THE SPIRÆA.

In the month of July the wooded pastures are variegated with little groups of shrubbery full of delicate white blossoms in compound pyramidal clusters, attracting more attention from a certain downy softness in their appearance than from their beauty. These plants have received the name of Spiræa from the spiry arrangement of their flowers. The larger species among our wild plants, commonly known as the Meadow-Sweet, in some places as Bridewort, is very frequent on little tussocks and elevations rising out of wet soil. It is a slender branching shrub, bearing a profusion of small, finely serrate and elegant leaves, extending down almost to the roots, and a compound panicle of white impurpled flowers at the ends of the branches. It is well known to all who are familiar with the wood-scenery of New England, and is seen growing abundantly in whortleberry pastures, in company with the small kalmia and the swamp rose. It is a very free bloomer, lasting from June till September, often blending a few solitary spikes of delicate flowers with the tinted foliage of autumn.

THE HARDHACK.

The flowers of the purple Spiræa, or Hardhack, are conspicuous by roadsides, especially where they pass over wet grounds. It delights in the borders of rustic wood-paths, in lanes that conduct from the enclosures of some farm cottage to the pasture, growing all along under the loose stone-wall, where its crimson spikes may be seen waving in the wind with the nodding plumes of the golden-rod and the blue spikes of the vervain, well known as the “Simpler’s Joy.” The Hardhack affords no less pleasure to the simpler, who has used its flowers from immemorial time as an astringent anodyne. There is no beauty in any part of this plant, except its pale crimson flowers, which are always partially faded at the extremity or unopened at the base, so that a perfect cluster cannot be found. The leaves are of a pale imperfect green on the upper surface and almost white beneath, and without any beauty. The uprightness of this plant, and the spiry form of its floral clusters, has gained it the name of “Steeplebush,” from our church-going ancestors.

THE HAWTHORN.

Few trees have received a greater tribute of praise from poets and poetical writers than the Hawthorn, which in England especially is consecrated to the pastoral muse and to all lovers of rural life. The Hawthorn is also a tree of classical celebrity. Its flowers and branches were used by the ancient Greeks at wedding festivities, and laid upon the altar of Hymen in the floral games of May, with which from the earliest times it has been associated. In England it is almost as celebrated as the rose, and constitutes the most admired hedge plant of that country. It is, indeed, the beauty of this shrub that forms the chief attraction of the English hedge-rows, which are not generally clipped, but allowed to run up and bear flowers. These are the principal beauties of the plant; for its leaves are neither luxuriant nor flowing.

The Hawthorn in this country is not associated with hedge-rows, which with us are only matters of pride and fancy, not of necessity, and their formal clipping causes them to resemble nature only as a wooden post resembles a tree. Our admiration of the Hawthorn, therefore, comes from a pleasant tradition derived from England, through the literature of that country, where it is known by the name of May-bush, from its connection with the floral festivities of May. The May-pole of the south of England is always garlanded with its flowers, as crosses are with holly at Christmas. The Hawthorn is well known in this country, though unassociated with any of our rural customs. Many of its species are indigenous in America, and surpass those of Europe in the beauty of their flowers and fruit. They are considered the most ornamental of the small trees in English gardens.

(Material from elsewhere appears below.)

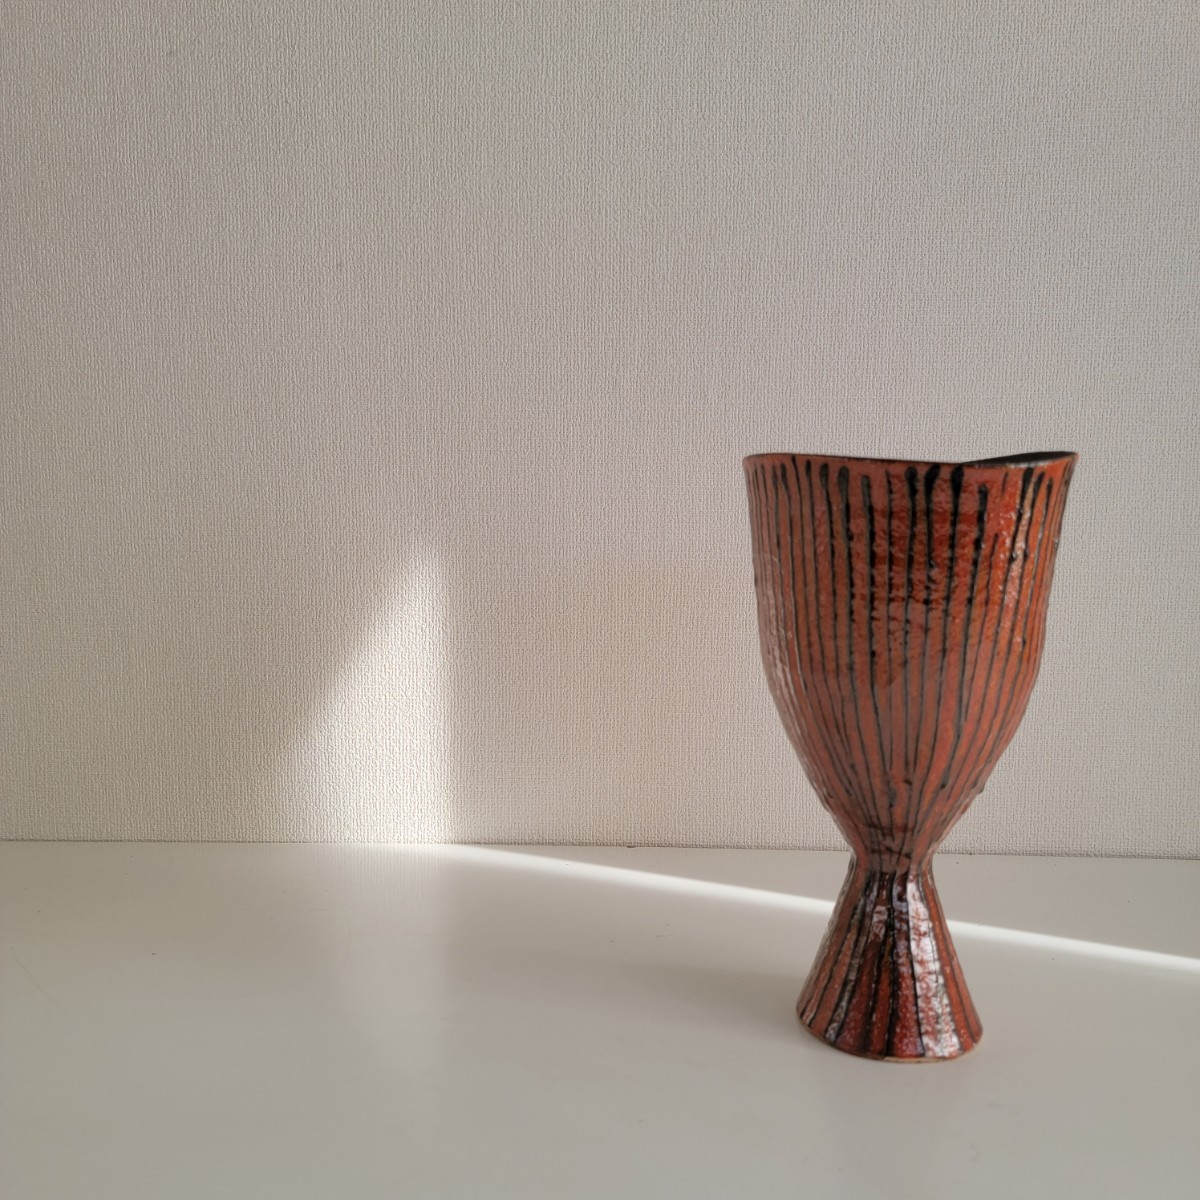 Japanese Vintage Flower Vase モダン 北欧 ミッドセンチュリー ヴィンテージ デザイン フラワーベース 花瓶 花器 置物 インテリア 1391V_画像4
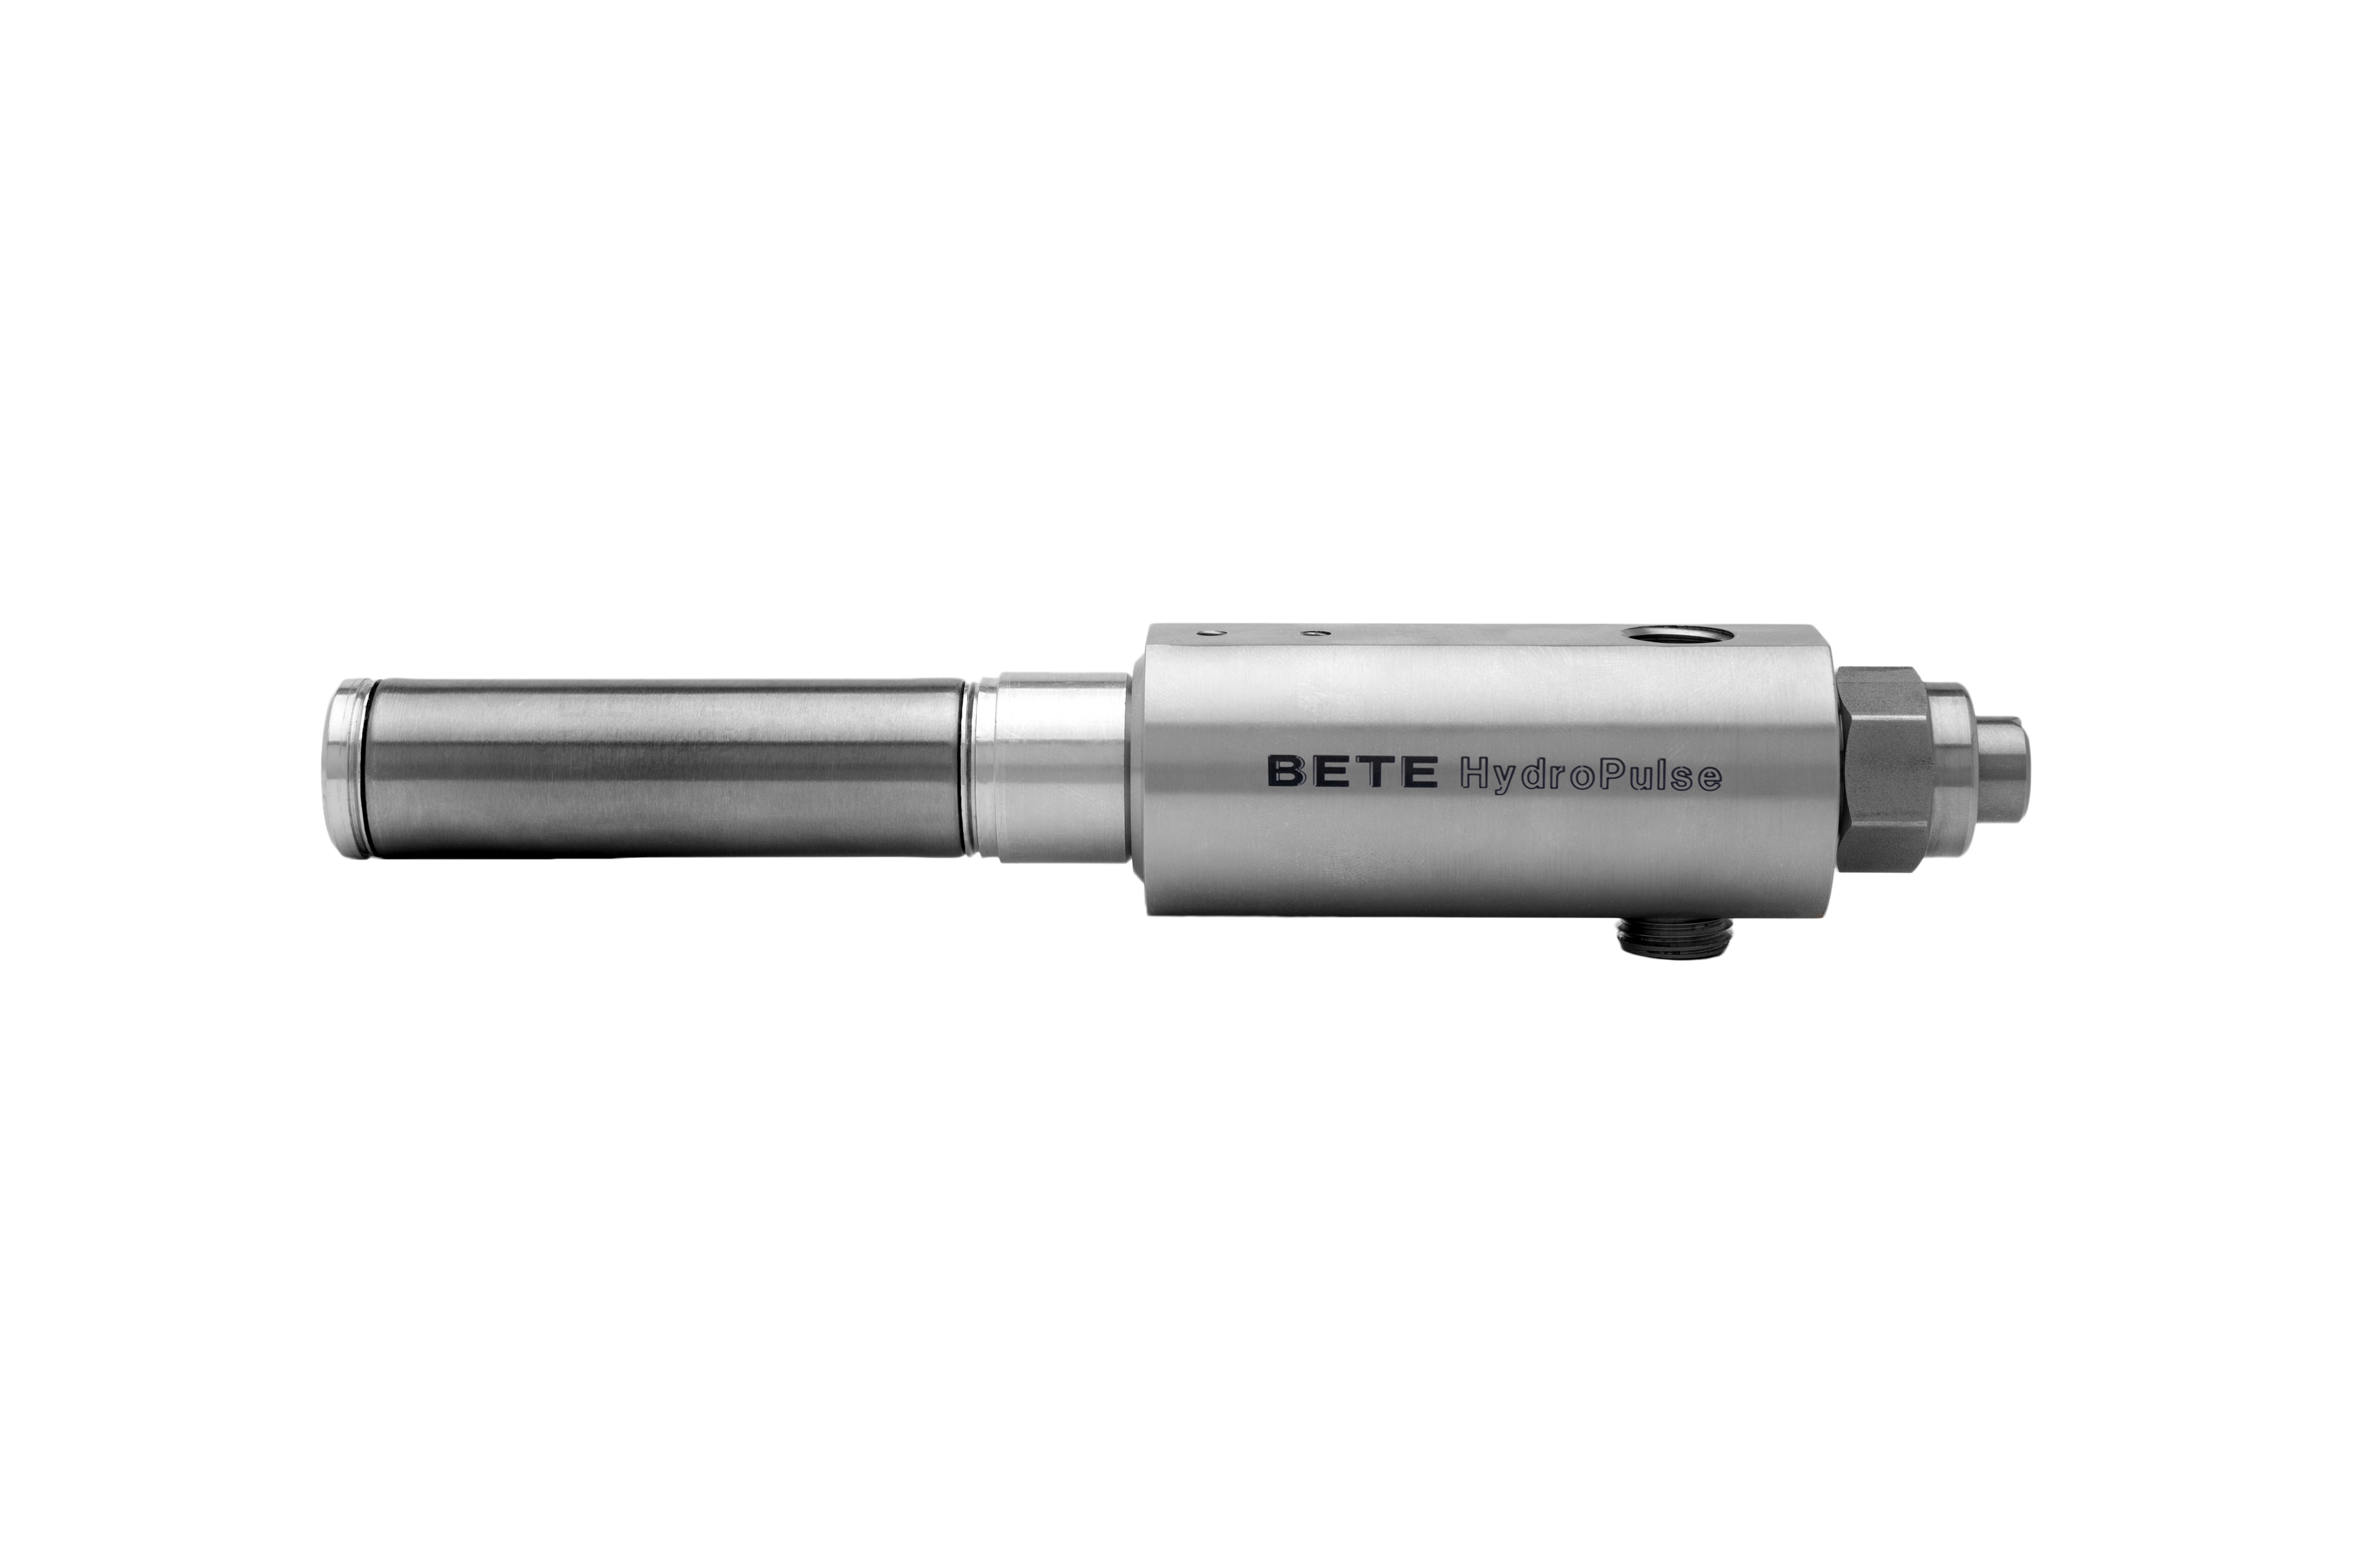 BETE's new HydroPulse nozzle

The flowers of the Hawthorn are mostly white, varying in different species through all the shades of pink, from a delicate blush-color to a pale crimson. The fruit varies from yellow to scarlet. The leaves are slightly cleft, like those of the oak and the holly. The flowers are produced in great abundance, and emit an agreeable odor, which is supposed by the peasants of Europe to be an antidote to poison.

SUMMER WOOD-SCENERY.

I have alluded to a beneficent law of Nature, that causes her to waste no displays of sublimity or beauty by making them either lasting or common. Before the light of morn is sufficient to make any objects distinctly visible, it displays a beauty of its own, beginning with a faint violet, and melting through a succession of hues into the splendor of meridian day. It remains through the day mere white transparent light, disclosing the infinite forms and colors of the landscape, being itself only the cause that renders everything visible. When at the decline of day it fades, just in the same ratio as substantial objects grow dim and undiscernible, this unsubstantial light once more becomes beautiful, painting itself in soft, tender, and glowing tints upon the clouds and the atmosphere. Similar phenomena attend both the opening and the decline of the year. Morning is the spring, with its pale and delicate tints that gradually change into the universal green that marks the landscape in summer, when the characterless brilliancy of noonday is represented on the face of the land. Autumn is emblemized by the departing tints of sunset; and thus the day and the year equally display the beneficence of Nature in the gradual approach and decline of the beauty and the splendor that distinguish them.